> _Work instructions_: When the line with "femea women pink solid track pants" turns up below, begin repeating exactly, and carry on through the line with "Polo Ralph Lauren"; no pictures go into the copy.

> _The input_:

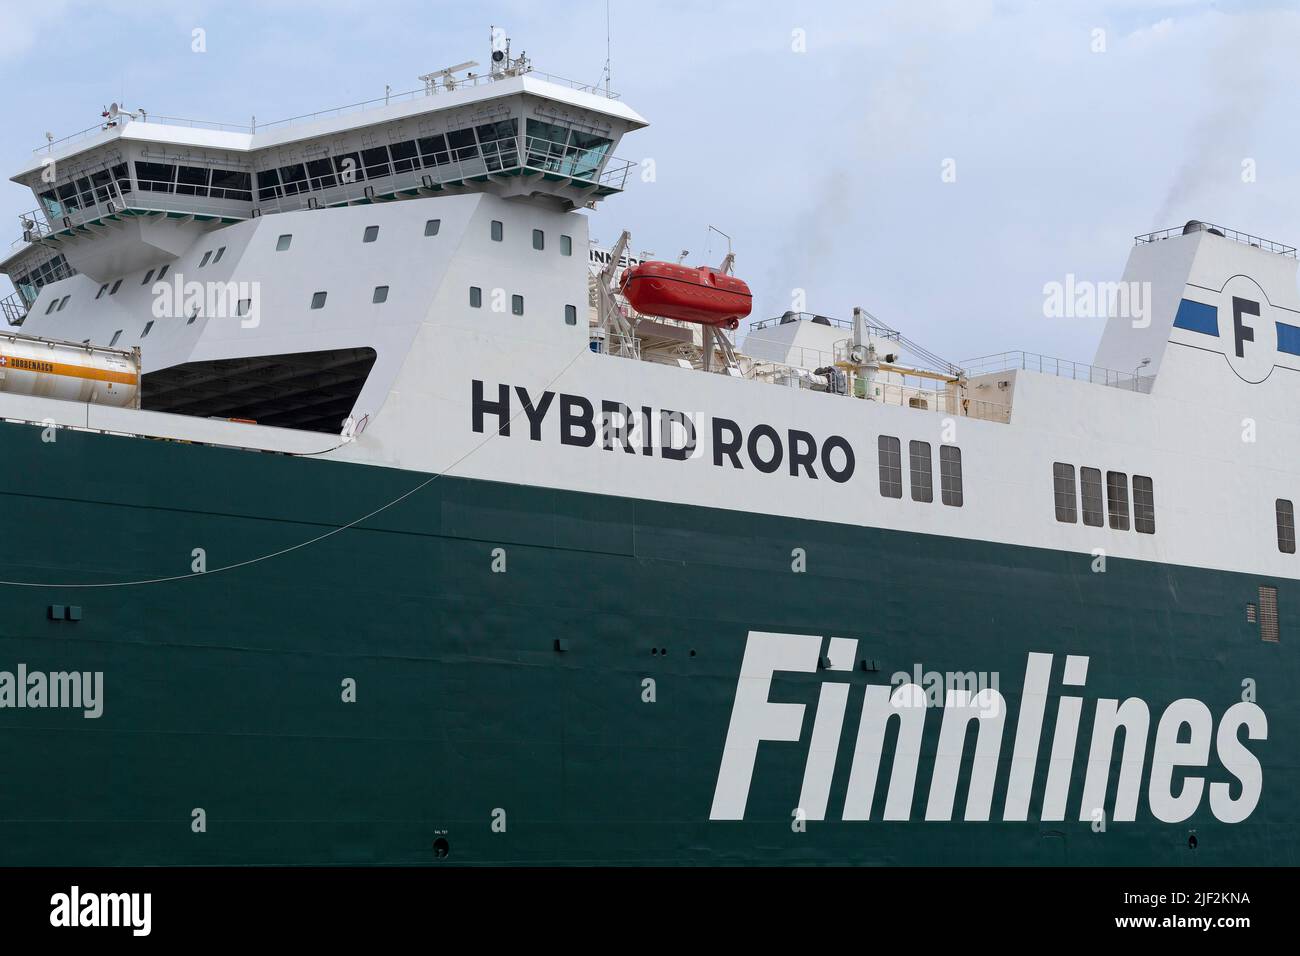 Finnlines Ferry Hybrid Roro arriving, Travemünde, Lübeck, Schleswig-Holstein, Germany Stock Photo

...

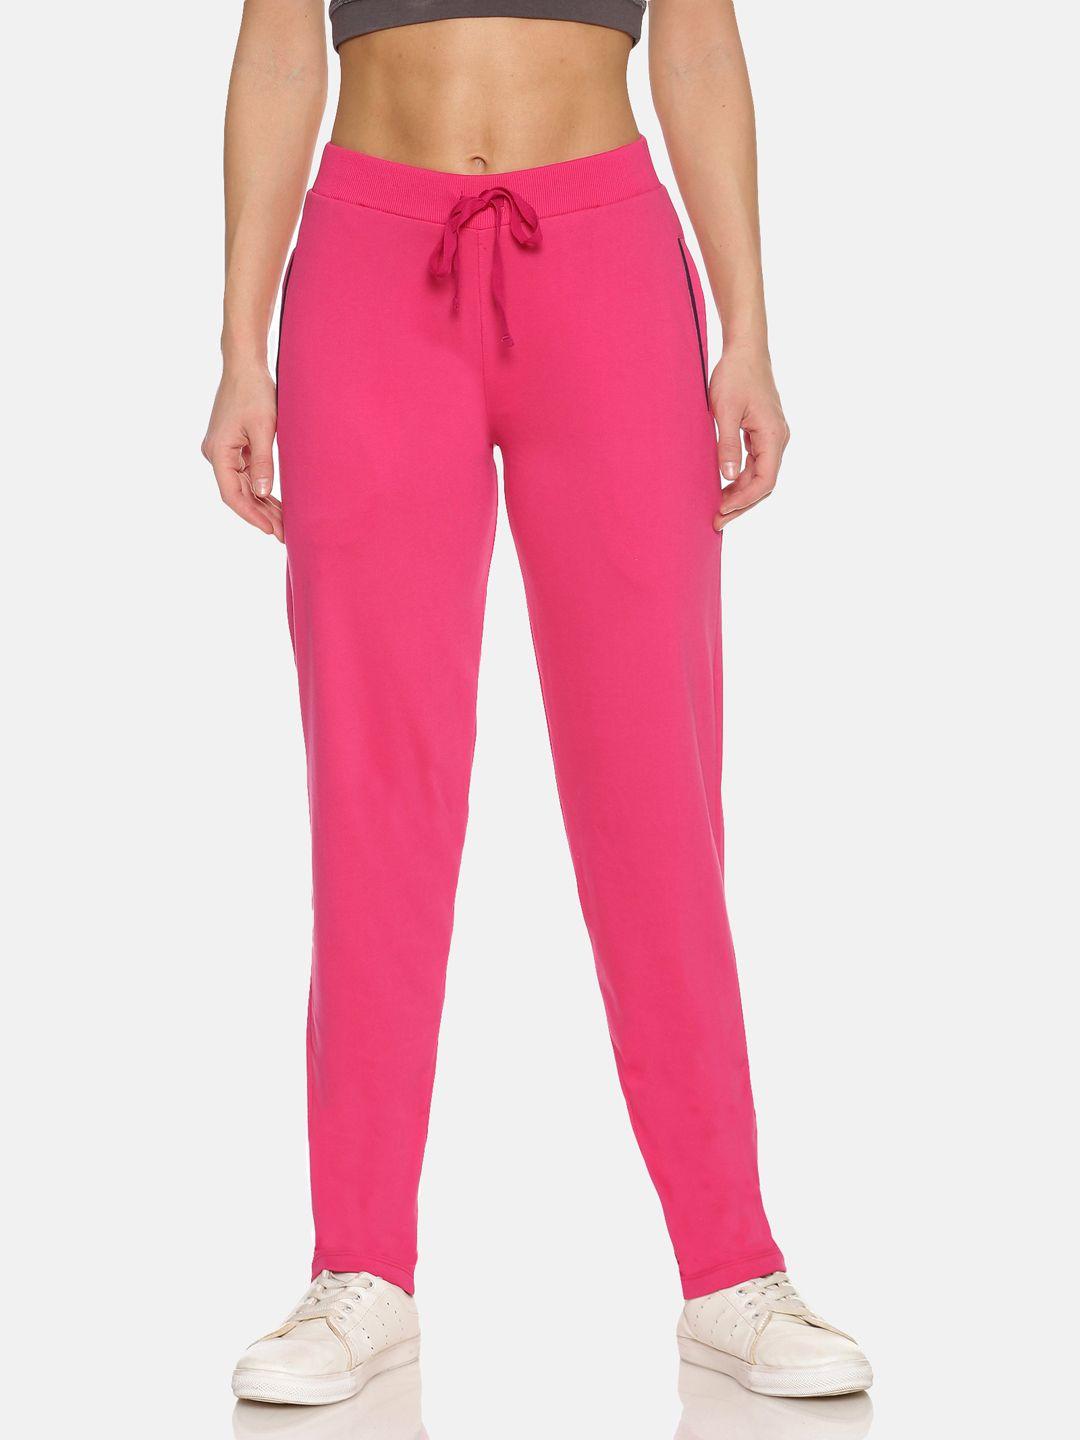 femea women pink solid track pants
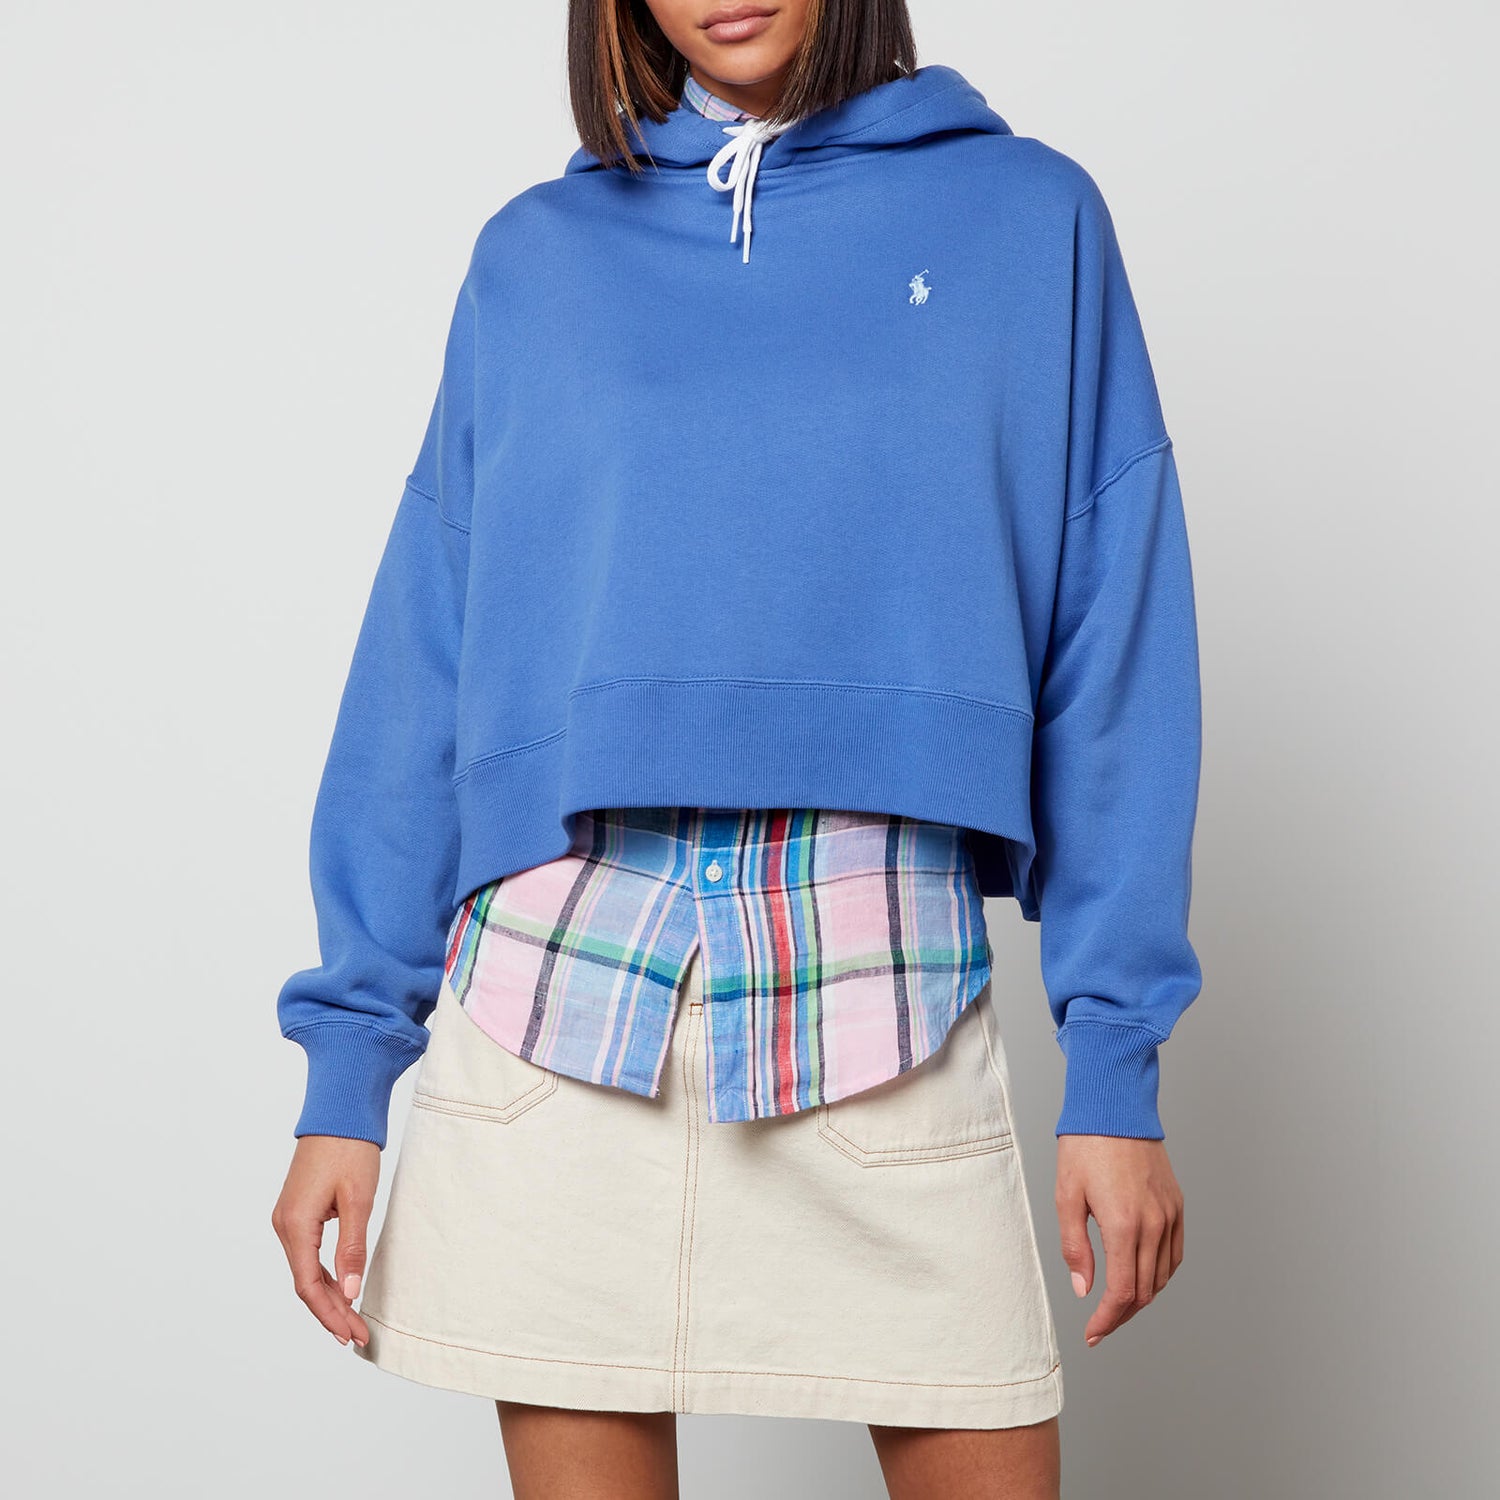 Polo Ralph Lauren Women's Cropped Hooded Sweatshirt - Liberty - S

==

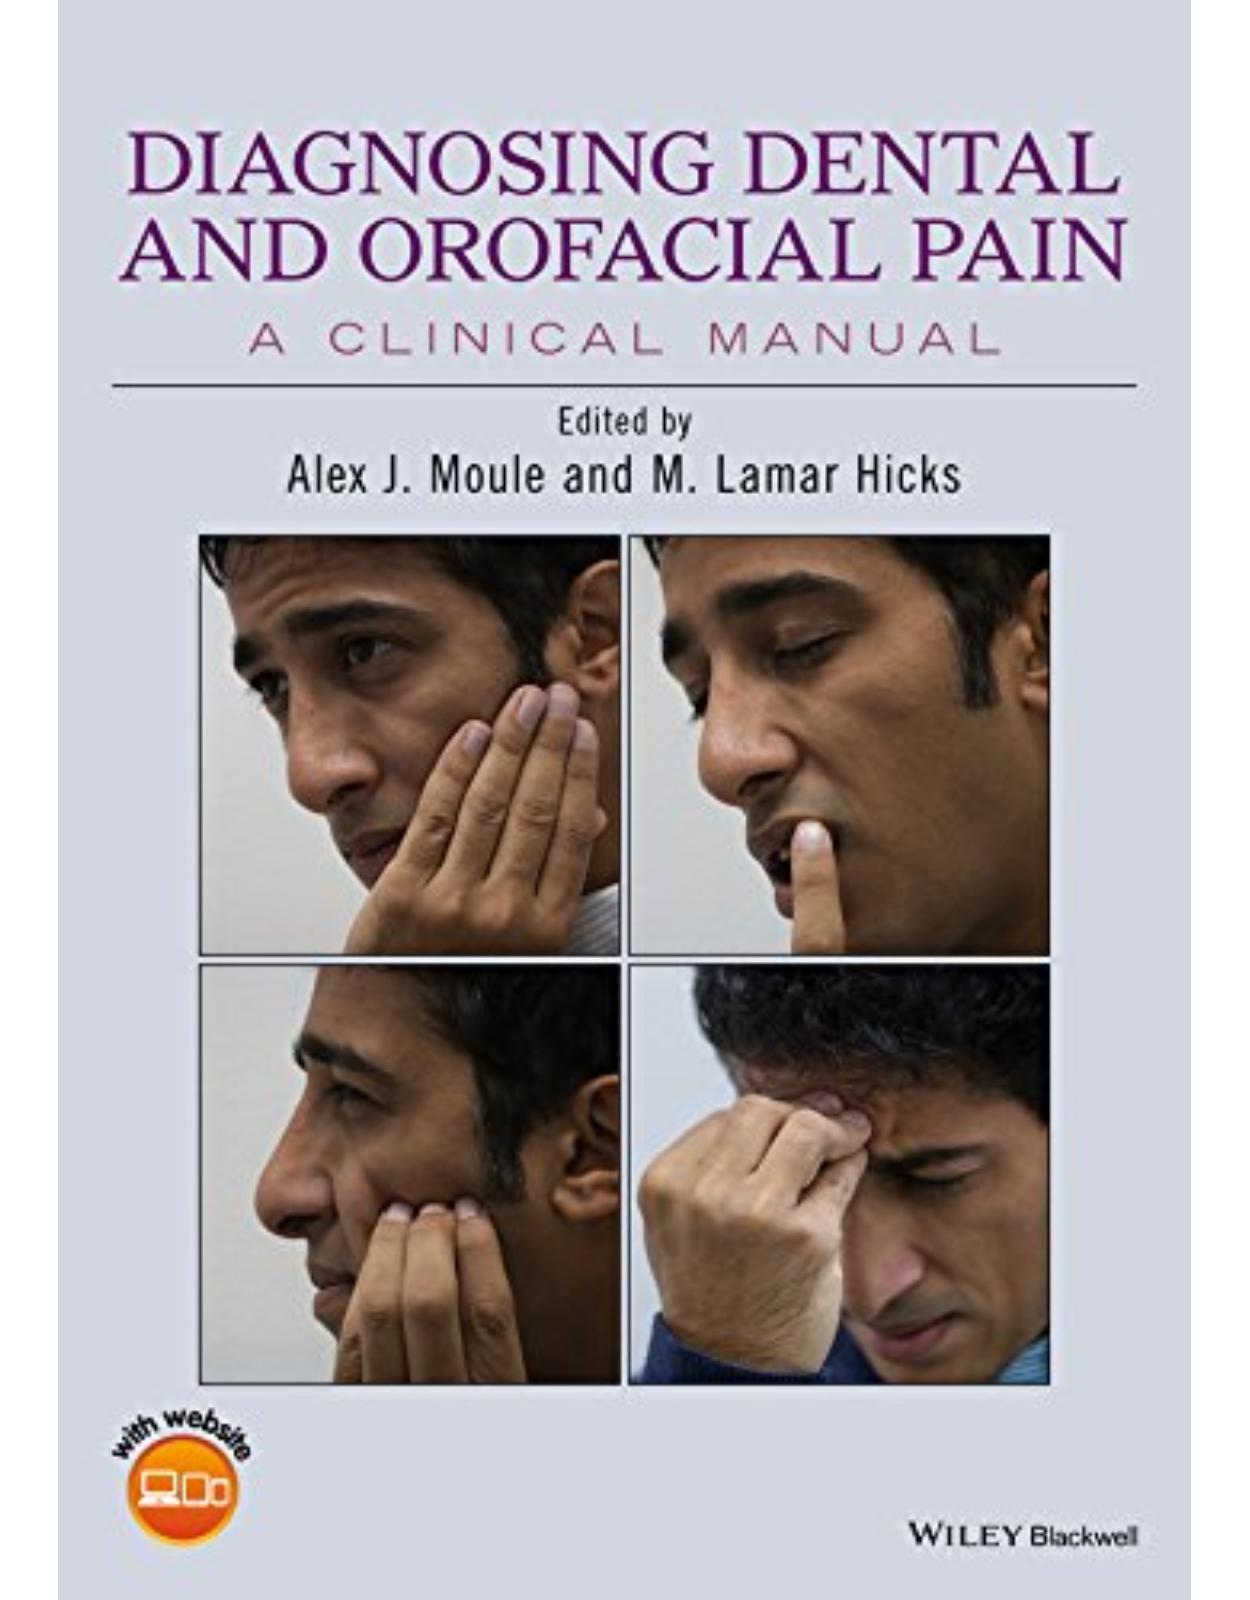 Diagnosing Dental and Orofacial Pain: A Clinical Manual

> _Task answer_:
 femea women pink solid track pants
 Polo Ralph Lauren Women's Cropped Hooded Sweatshirt - Liberty - S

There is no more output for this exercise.